To Be Reborn (Yeniden Doğmak) is a Turkish television drama series that aired on TRT 1 in 1987. The series follows the young Bulgarian Turkish girl Aysel Özgür in the face of assimilation policies targeting Turks in Bulgaria. Osman F. Seden served as the director of the series and Sevinç Çokum as its screenwriter.

==Development==
The series was based on a true story, and it was written by Sevinç Çokum on the basis of assimilation policies faced by the Turkish minority in Bulgaria at the time.

==Plot==
The series depicts the migration of members of the Bulgarian Turkish minority in 1987, with a focus on the girl Aysel Özgür and her family. The Özgür family is forced to leave Aysel behind in Bulgaria due to government pressure while the rest of the family leaves for Turkey. The Bulgarian government changes Aysel's name to Aleksandra and seeks to make her forget about her family.

==Release==
The series released on TRT 1 on December 13, 1987 and concluded on December 27, of the same year after just two episodes. Though the third episode of the series was finished, it did not air at that time. TRT initially claimed that the film for the episode had been torn. Episode three was eventually given a straight-to-video release along with a final fourth episode of the series. All four episodes were later broadcast on TRT in 1989.

By the time of the release of the series, the Turkish public was acutely aware of the persecution of ethnic-Turks in Bulgaria due to sustained media attention. As a result, following the release, the series was widely discussed in Turkey.

==Reception==
The first two episodes had a large emotional impact in Turkey, leading to the emptying of city streets during airings. A large number of Turkish babies were given the name "Aysel".

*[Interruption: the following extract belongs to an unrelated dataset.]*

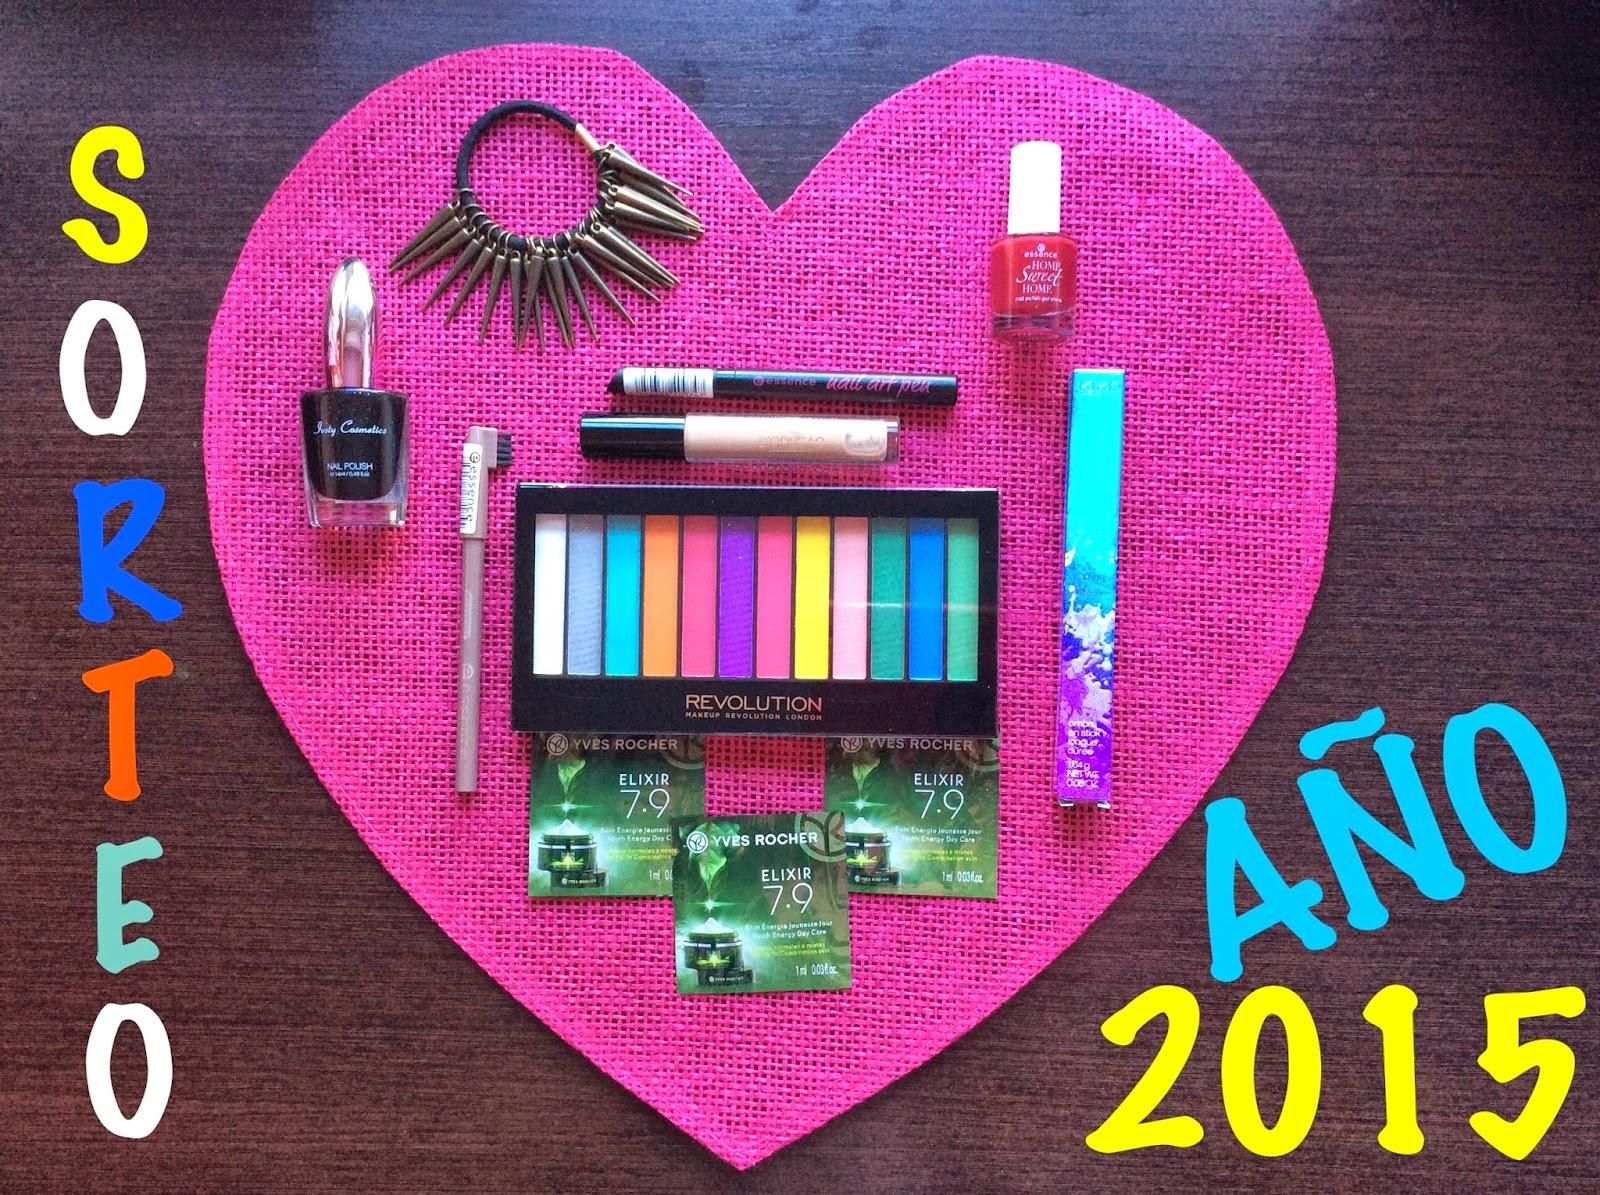 ¡¡¡ SORTEO 2015 !!!

==International relations==
The series was the subject of an international dispute between Turkey and Bulgaria. While the issues with the release of the third episode in the series were initially explained to the Turkish public as the result of technical difficulties, the real reason for the episode's delayed release was an international agreement between Bulgaria and Turkey.

Owing to the agreement, the real-life Aysel was allowed to leave Bulgaria for Turkey and rejoin her family. Aysel was flown to Turkey on the night of December 30-31, 1987 and landed at Atatürk Airport in Istanbul alongside the Turkish ambassador to Bulgaria. this event was broadcast live on TRT. Aysel's parents, living in the Turkish city of Mudanya, were not informed about this event until it was formally confirmed by Turkish authorities. On January 1, 1988, Turkish prime minister Turgut Özal acknowledged the agreement with Bulgaria and promised not to air episodes after the second at a subsequent press conference.

==Aysel Özgür==
The real Aysel Özgür's family came to Turkey in 1983 and were forced to leave then 12-year-old Aysel behind. The family chose to take their son, Mehmet, with them to Turkey in lieu of Aysel as they were only able to take one of their two children with them. In Turkey, the Özgürs agitated for their daughter's release, eventually leading to the inclusion of Aysel's situation in negotiations between the Turkish and Bulgarian governments.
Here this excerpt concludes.